Exercise inputs »
· · ·

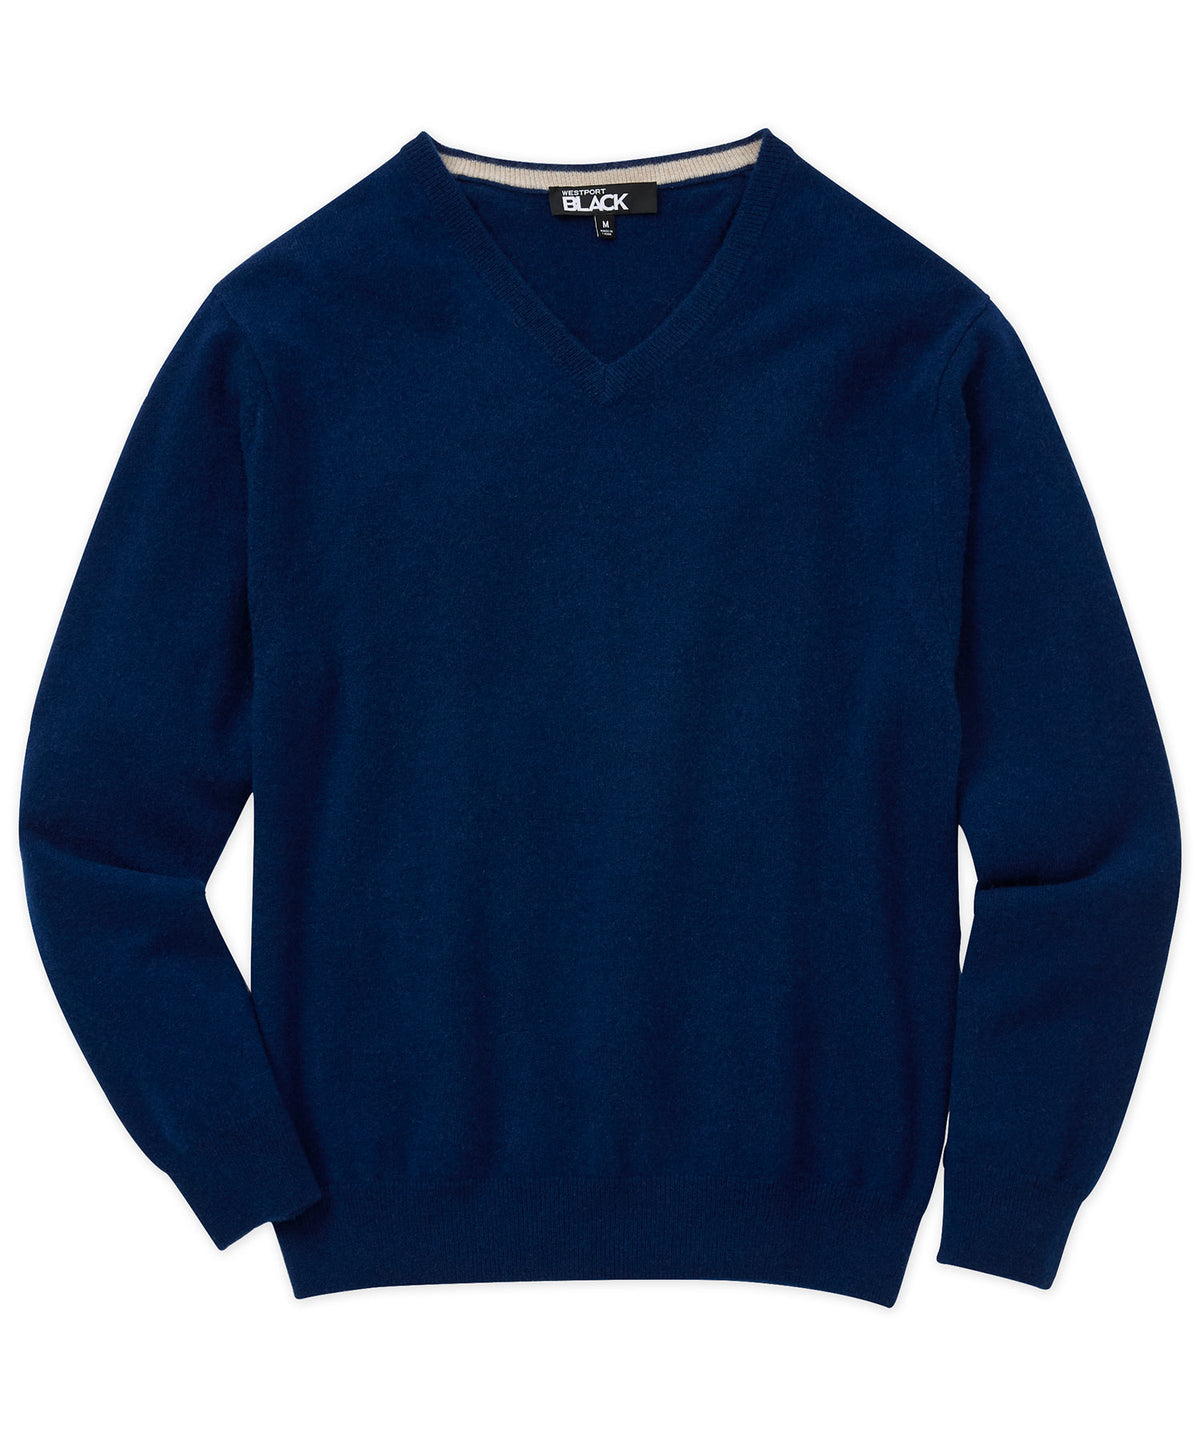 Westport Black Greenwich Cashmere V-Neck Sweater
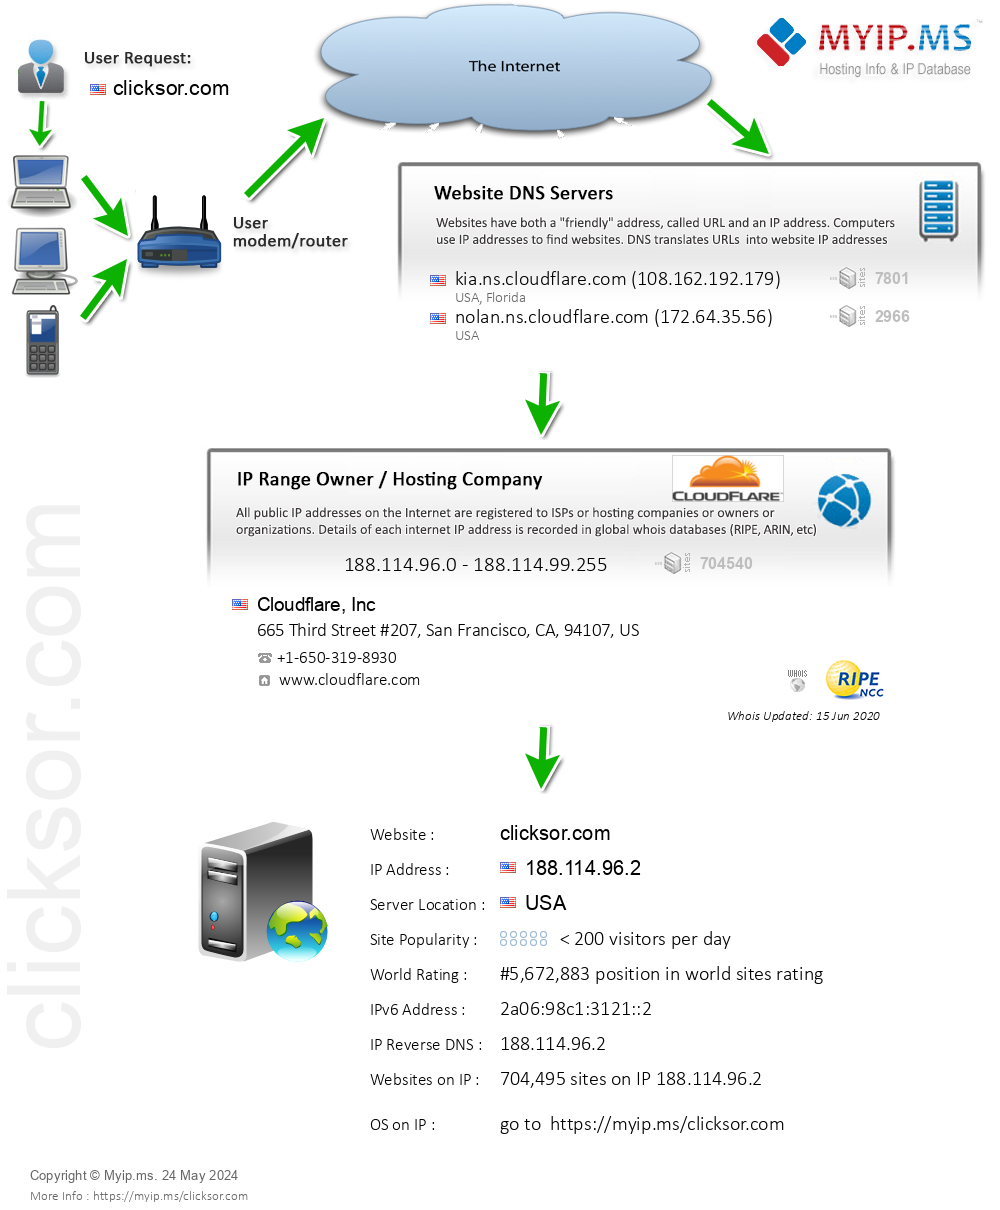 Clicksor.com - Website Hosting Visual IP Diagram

· · ·

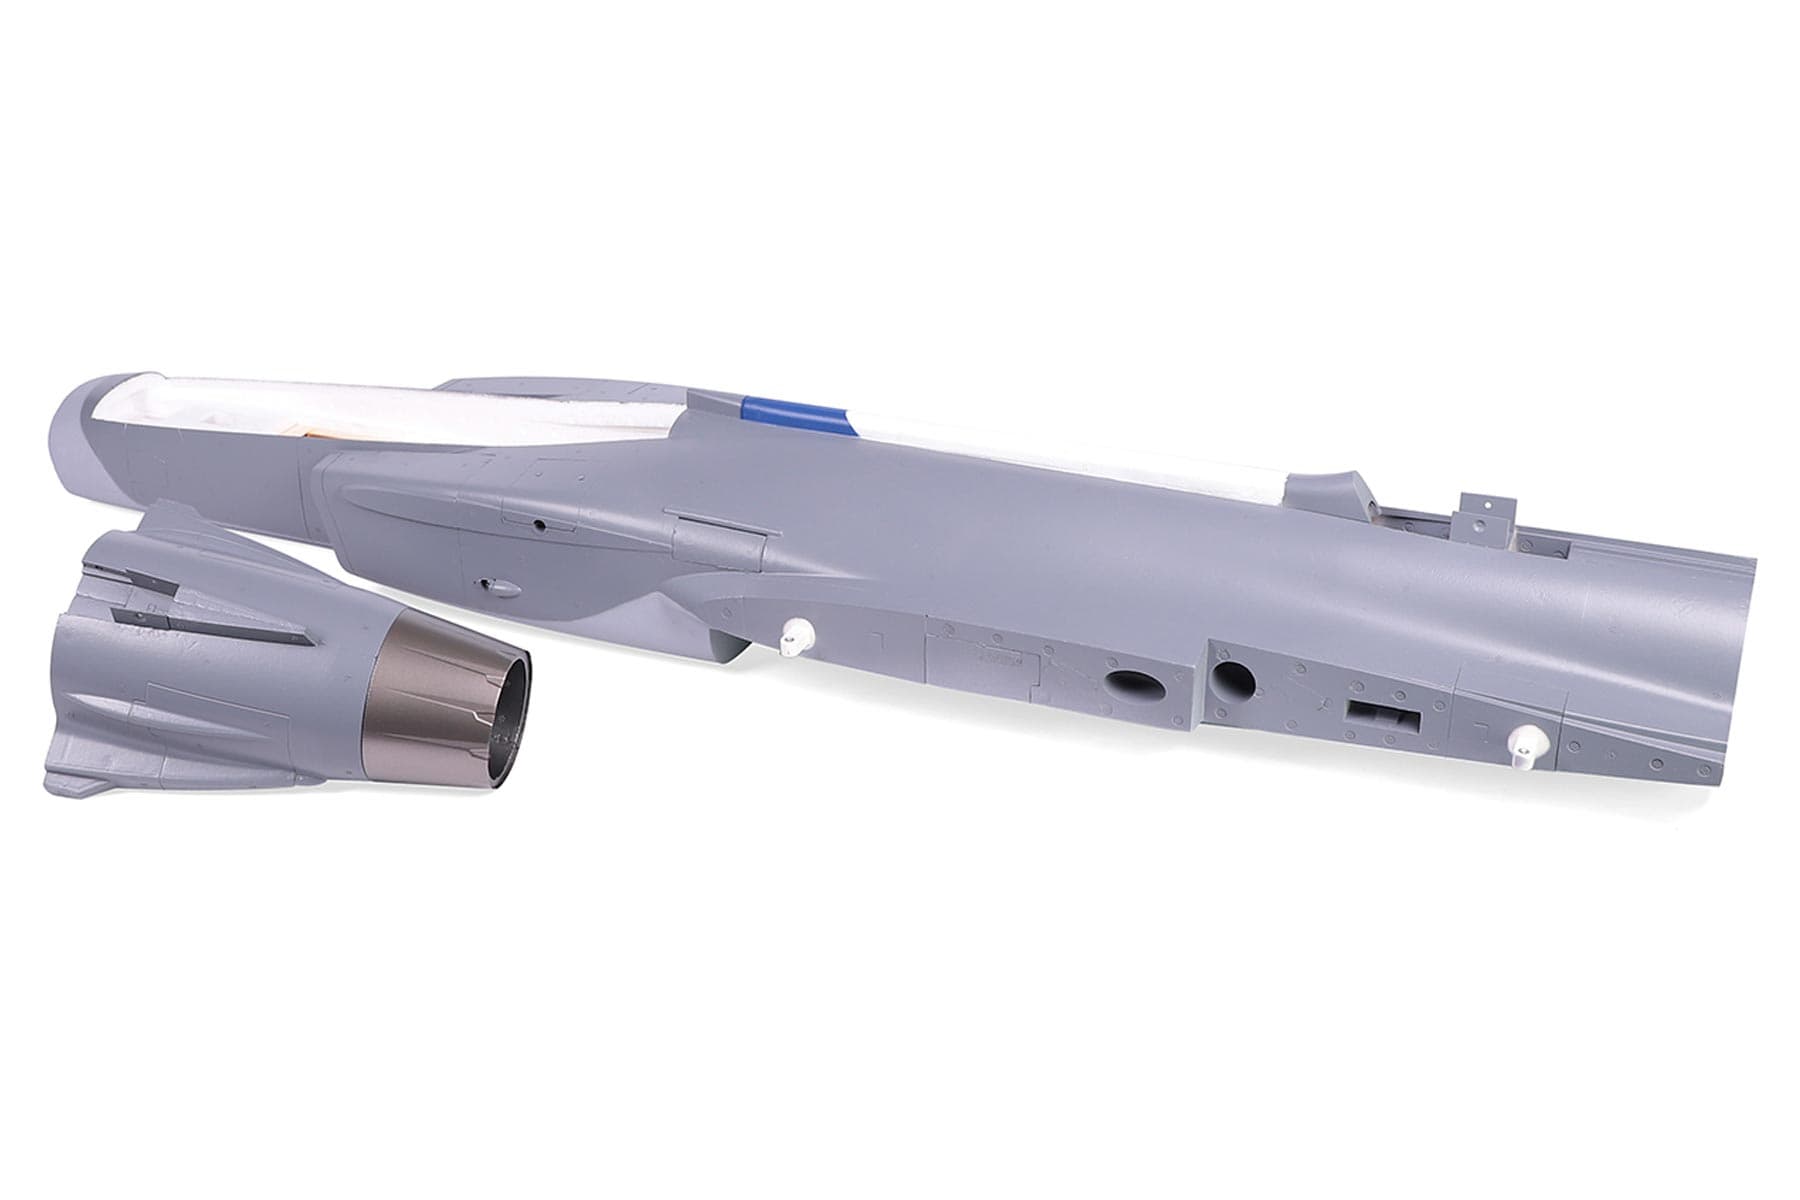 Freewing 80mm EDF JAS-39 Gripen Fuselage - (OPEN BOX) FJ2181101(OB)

· · ·

Description of the task » Both boundary lines included, write out word for word only the lines above from the one containing "Westport Black Greenwich" to the one containing "Clicksor.com - Website", leaving out any pictures.

Solution to this task »
 Westport Black Greenwich Cashmere V-Neck Sweater
 Clicksor.com - Website Hosting Visual IP Diagram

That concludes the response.